16 h 30. Au téléphone, dans son bureau, le référent social discute d’échafaudages. Il a fallu quelques échanges avec ses collègues des services du patrimoine, qui passent leur temps à effacer des tags sur les murs de la gare, pour que ceux-ci comprennent et acceptent l’idée que des chantiers d’insertion de jeunes fonctionnent dans la gare du Nord. L’insertion par le travail est en effet son deuxième axe de travail. Après « Hope in Stations », la Commission européenne finance un projet pilote baptisé « Work in Stations ». L’idée est de profiter du tissu économique très vivant dans et autour des gares pour permettre à des personnes de s’insérer. En collaborant avec la FNARS, la SNCF fait appel à des entreprises d’insertion pour réaliser des petits travaux d’entretien, le référent social organisant le chantier et le suivi des travaux. Or, l’an dernier, un chantier éducatif a été encore plus loin. Des jeunes éloignés de l’emploi, suivis par quatre éducateurs spécialisés de l’association Arc 75, ont repeint des poteaux et créé une fresque dans la gare. « Ce chantier était un outil fabuleux pour travailler avec des jeunes qui ont un rapport très négatif avec l’institution, se rappelle Natacha Lachouri. On a pu valoriser leur comportement dans un lieu visible de tous et qu’ils fréquentaient au quotidien pour des activités pas très licites. »

UNE GARE, PAS UN CENTRE SOCIAL

En fin de journée, Hervé Mouden lit les conclusions d’une étude menée par plusieurs associations sur les problèmes psychiatriques dans les gares parisiennes. « On s’est rendu compte que beaucoup de personnes sont atteintes de troubles du comportement », soupire-t-il.
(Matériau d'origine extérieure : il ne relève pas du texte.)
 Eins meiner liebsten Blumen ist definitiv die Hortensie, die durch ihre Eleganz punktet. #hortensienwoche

Les associations, soutenues par le référent, réfléchissent d’ailleurs à l’intervention en gare d’une équipe mobile d’infirmiers psychiatriques et de travailleurs sociaux. D’une façon générale, ces derniers ne manquent pas d’idées : un coffre-fort pour que les sans-abri puissent y laisser leurs papiers en sécurité ; une consigne où poser leurs sacs, ce qui permettrait de les accompagner vers un lieu où se doucher et manger chaud… « Mais il est impossible de tout faire. Je dois équilibrer les intérêts des uns et des autres, prévient Hervé Mouden, car le but n’est pas que les personnes restent dans la gare. »
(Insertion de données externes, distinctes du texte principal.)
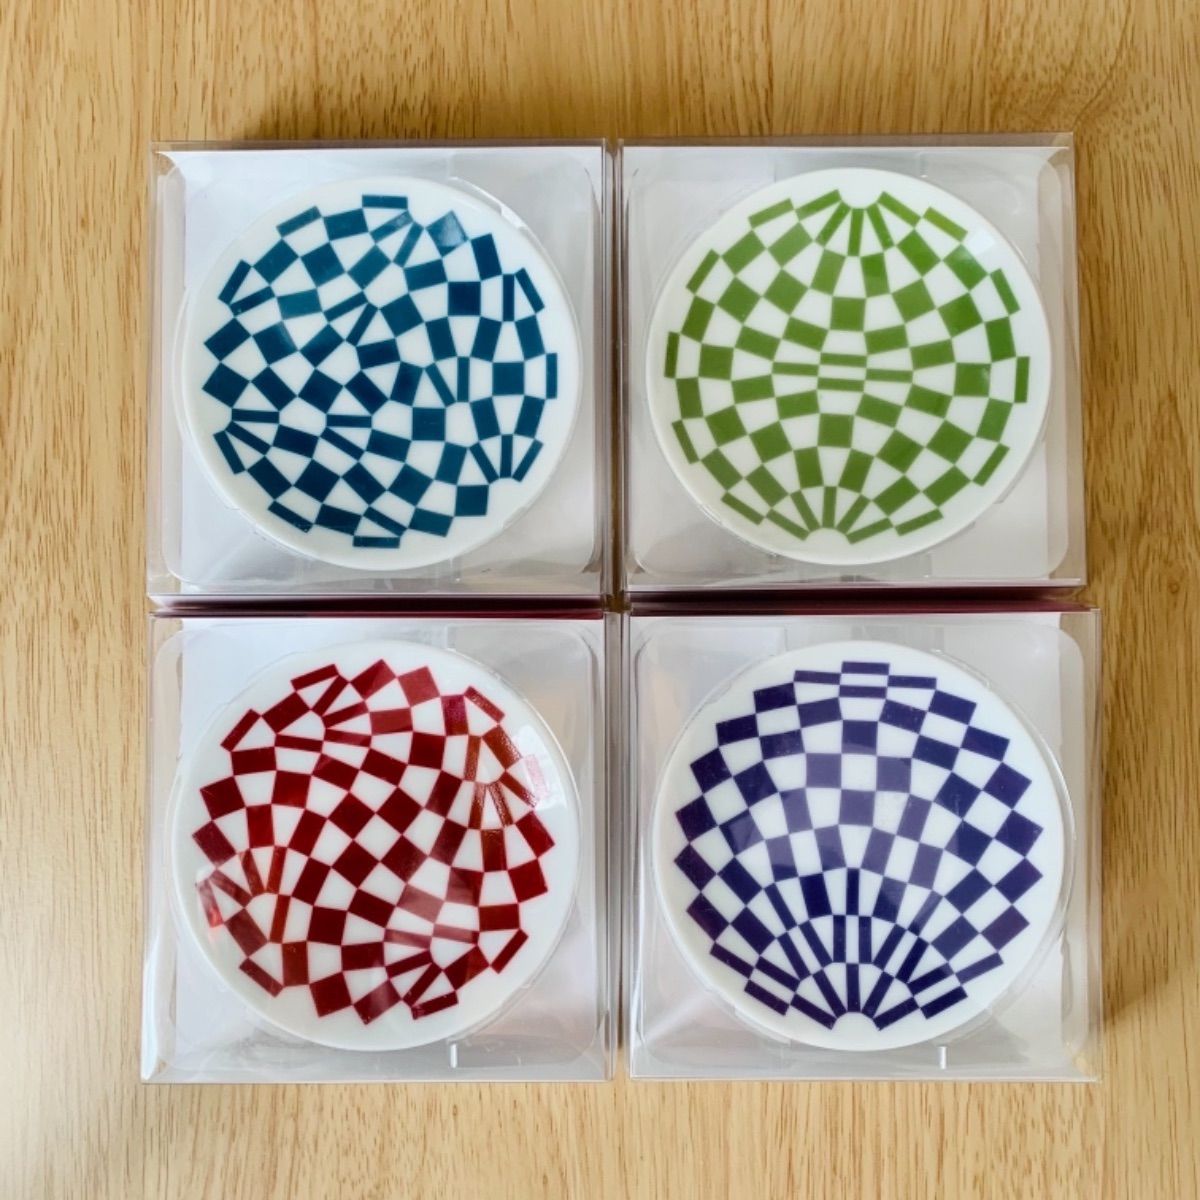 東京2020オリンピック パラリンピック 豆皿 - 食器

La gare, lieu pertinent pour le travail social de terrain, doit-elle être perçue comme un centre où différents services sociaux seraient proposés aux personnes sans abri ? Le sujet fait débat. « A moyen terme, est-ce installer les gens dans une gare que de leur permettre d’en sortir ? », questionne Emmaüs, qui défend l’idée de la bagagerie. Récemment, Hervé Mouden a dû proposer à une association non conventionnée distribuant de la nourriture de se déplacer « pour des problèmes de flux et de propreté ». « Pour des raisons de sécurité, la gare n’a pas vocation à être un lieu de rassemblement. » Une ligne fixée par son institution et que défend Jérémie Zeguerman, directeur des gares. « Aujourd’hui, le métier de référent social est indispensable au bon fonctionnement d’une gare, juge celui-ci. Pour éviter le misérabilisme ou les jugements actifs, on ne veut pas rester démunis face aux situations d’errance. Il est donc important de recenser les difficultés et les mécaniques à l’œuvre, de mobiliser les associations et les services sociaux de la ville pour ne pas se limiter à une réponse sécuritaire. » L’action du référent, insiste le responsable, n’est soumise à aucune politique de résultats, car attendre un retour sur investissement n’aurait aucun sens.
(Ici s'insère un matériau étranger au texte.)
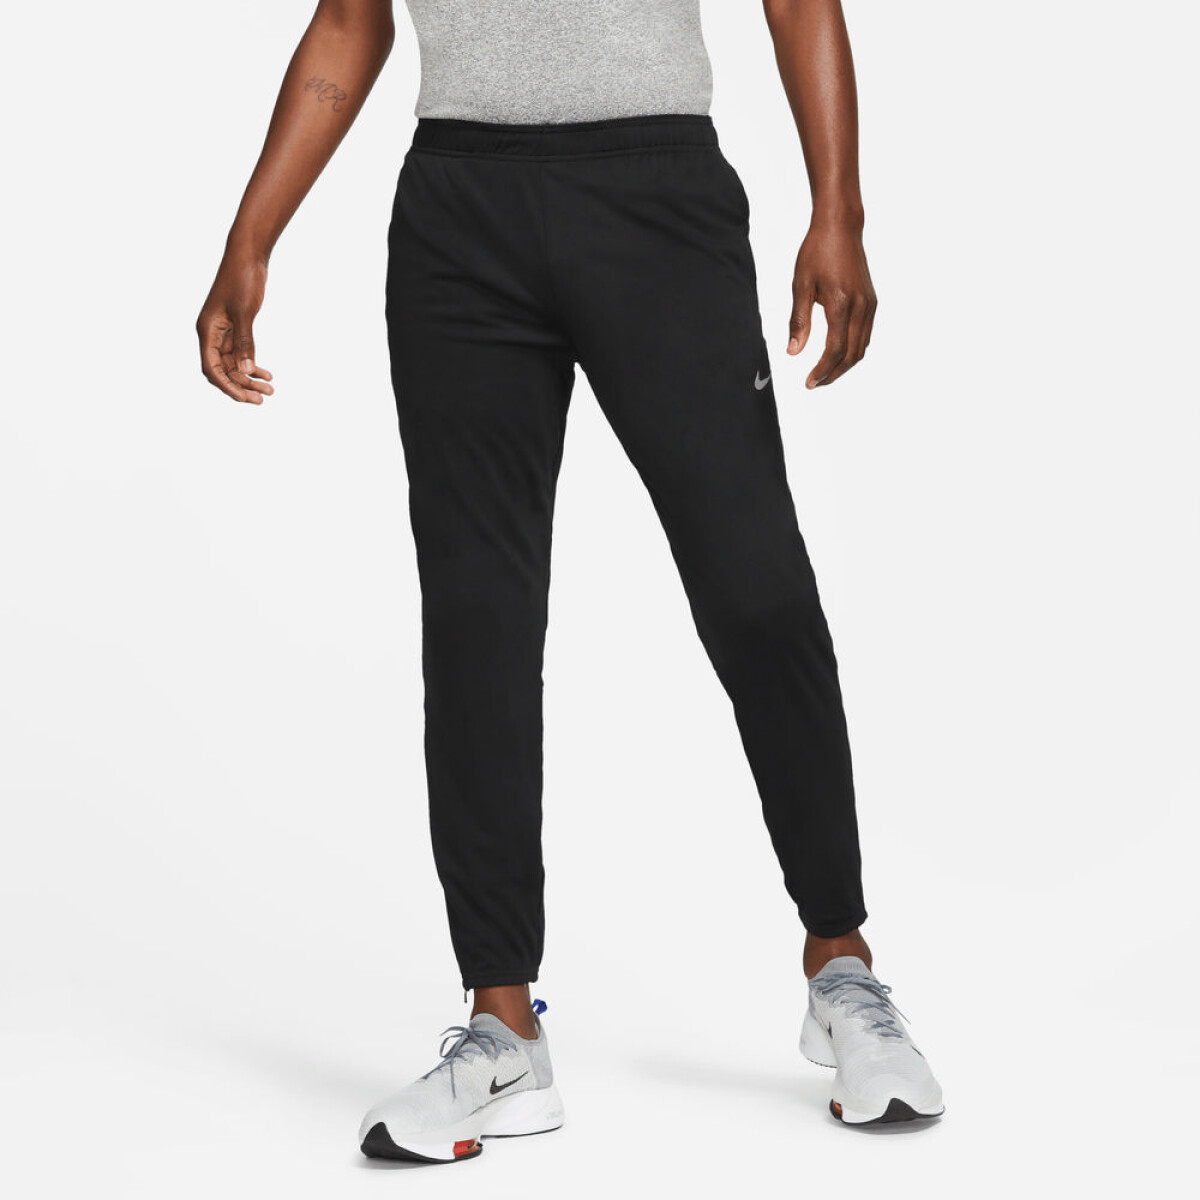 Pantalón Nike Dri-fit Challenger Knit

En revanche, la gare n’a pas vocation à devenir un centre social. « Identification et accompagnement pour passer la main à des experts : notre compétence sociale s’arrête là. » Le rapport d’évaluation(2) de « Hope in Stations » conclut de la même manière : « Les gares ferroviaires manquent de lieux appropriés pour fournir un service de bonne qualité. Concevoir la gare comme un point de référence et de coordination locale plutôt que comme un centre de services est l’un des principaux enseignements de l’opération. »

Notes

(1) Homeless People in European Train Stations (« Espoir pour les sans-abri dans les gares européennes »).

(2) Réalisé par l’Agence nouvelle des solidarités actives.